With each process shrink and now with the change in modulation, Broadcom has been able to move down the amount of power to deliver a level of bandwidth, and even with keeping the process at 16 nanometers with the Tomahawk-3, the power consumption per port is going to drop by about 40 percent compared to the Tomahawk-2. This is one reason why switch makers relying on Broadcom parts will be able to cram lots of ports onto their devices, because the power density is going to go down. Based on the data we have seen (which shows relative power draw versus absolute wattage figures for 100 Gb/sec ports), the Tomahawk-3 draws a little more than half the power of the port on a Tomahawk-1, and it is about a quarter of the power draw of the Trident+ chip from 2010, which could do 640 Gb/sec aggregate or only a twentieth of the bandwidth, with ten 10 Gb/sec ports aggregated. This is a big improvement in watts per gigabits per second.
Because of the high radix nature of the Tomahawk-3, Sankar says that the cost to deliver a 100 Gb/sec Ethernet port will drop by 75 percent compared to the Tomahawk-2, and that is a huge drop and one that hyperscalers and cloud builders are pushing for. Because of the limitations in terms of bandwidth and port count on switch chips in the last decade, it takes a lot of chips to make a Clos network that can span datacenters with tens to hundreds of thousands of servers, and this has been driving up networking costs relative to other costs to the point where networking has pushed above 20 percent of the total capital outlay for iron in the datacenter and was kissing 25 percent in some instances. With higher port counts on each chip, it takes fewer chips to interlink all of the devices in a hyperscale datacenter. Facebook’s “Backpack” modular switch is a good example of being able to cut down the switch chips and therefore the costs:
The Backpack switch was designed to deliver 128 ports running at 100 Gb/sec, and it had to go modular to do so because no one chip had that many ports. In fact, as you can see, this modular switch had eight Tomahawk-1 chips, two per card, acting as leaf switches and another four Tomahawk-1 chips acting as the interconnect for those switch blades. (This modular switch is, in effect, a self-contained spine-leaf network in a can.) Now, those dozen Tomahawk-1 chips running in an 8U modular server can be replaced with a single 1U fixed port switch using a single Tomahawk-3 chip, which cuts the cost by 85 percent and the power consumption by 75 percent.
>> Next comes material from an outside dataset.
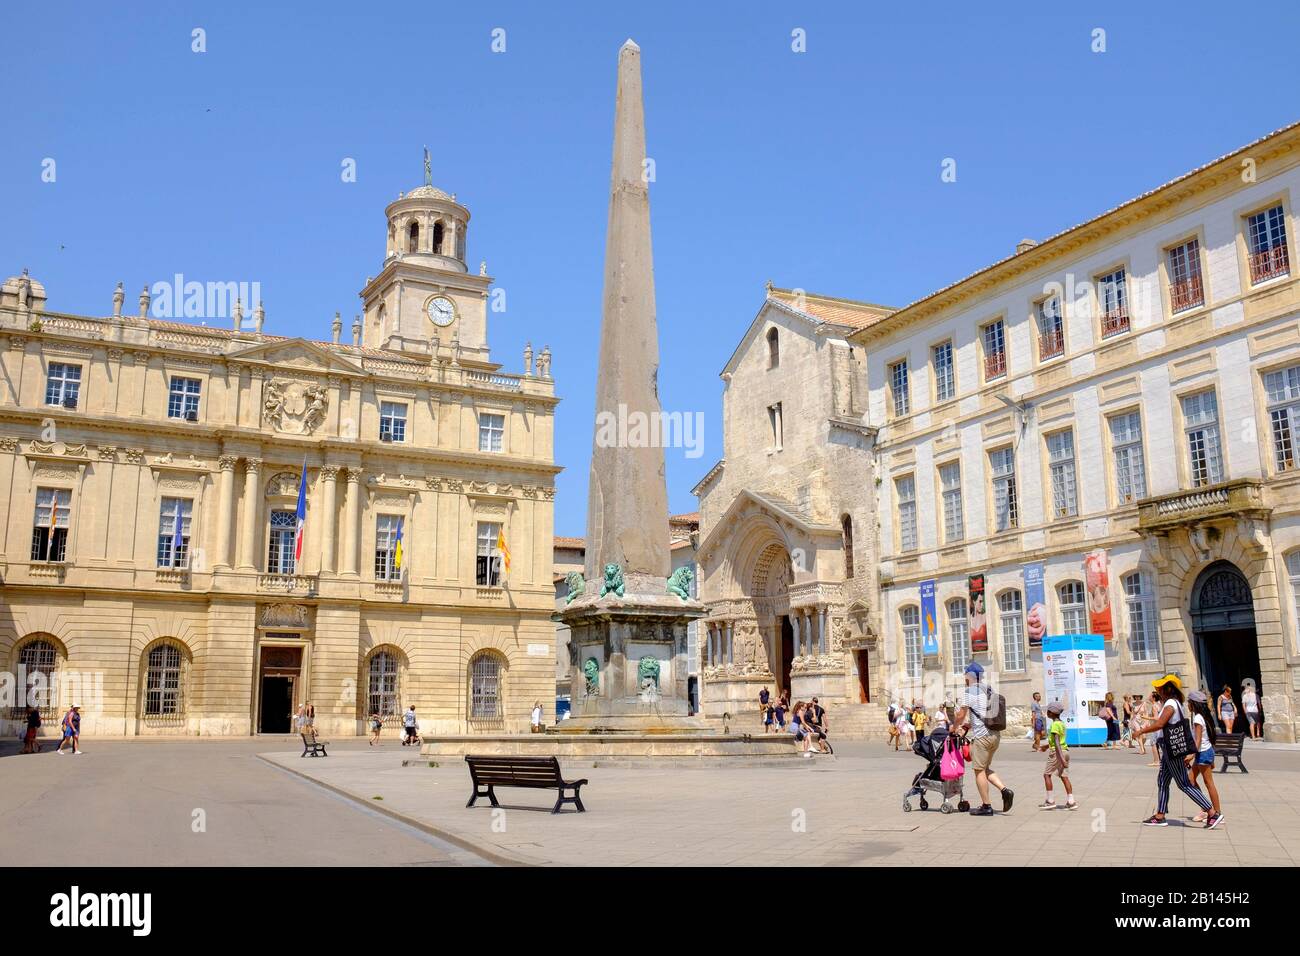 Place de la Republique: Hôtel de Ville, obelisk on fountain, portal of St. Trophime, Arles, France Stock Photo
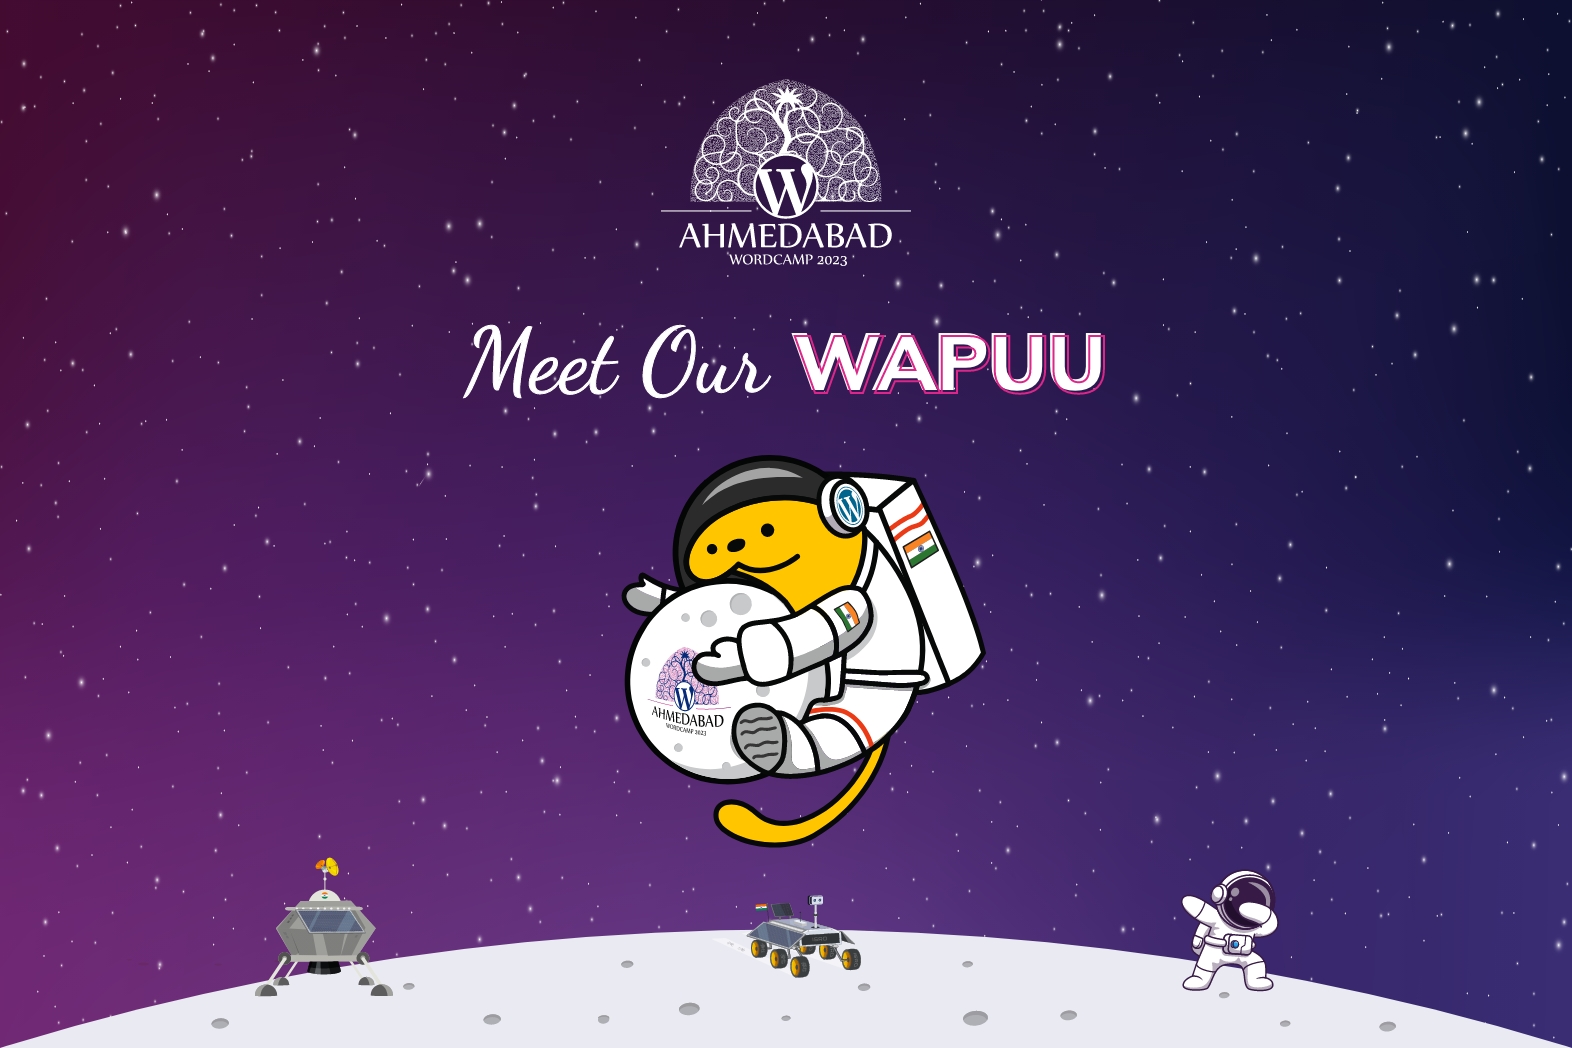 Meet our Wapuu

The higher radix switch doesn’t just cut costs for delivering 100 Gb/sec ports while also enabling bigger 200 Gb/sec and 400 Gb/sec ports, but it eliminates layers of the n-tier network and therefore improves end-to-end latencies for applications. Sankar gave NVM-Express storage as an example. In a flash cluster array with four leaf switches with 64 ports running at 100 Gb/sec in the first tier and two spine switches based on the same hardware in the second tier, it takes three hops for any server to reach any NVM-Express array in the network and one to several microseconds to cross the network with the data. With a single Tomahawk-3 fixed point switch, the data is accessible in a single hop that takes around 400 nanoseconds.
As you might imagine, this means hyperscalers are going to be able to build flatter – and cheaper – networks. And when we hear how hyperscalers they need petabit networking, it was never about having ports that run at 400 Gb/sec, 800 Gb/sec, or even 1.2 Tb/sec, but rather a lot more ports running at 100 Gb/sec. That is still 10X faster than the average server port in the enterprise, and considerably faster than the 10 Gb/sec or 40 Gb/sec port in use at hyperscalers and cloud builders. (To be sure, 25 Gb/sec ports are more common, and 50 Gb/sec ports are getting there.)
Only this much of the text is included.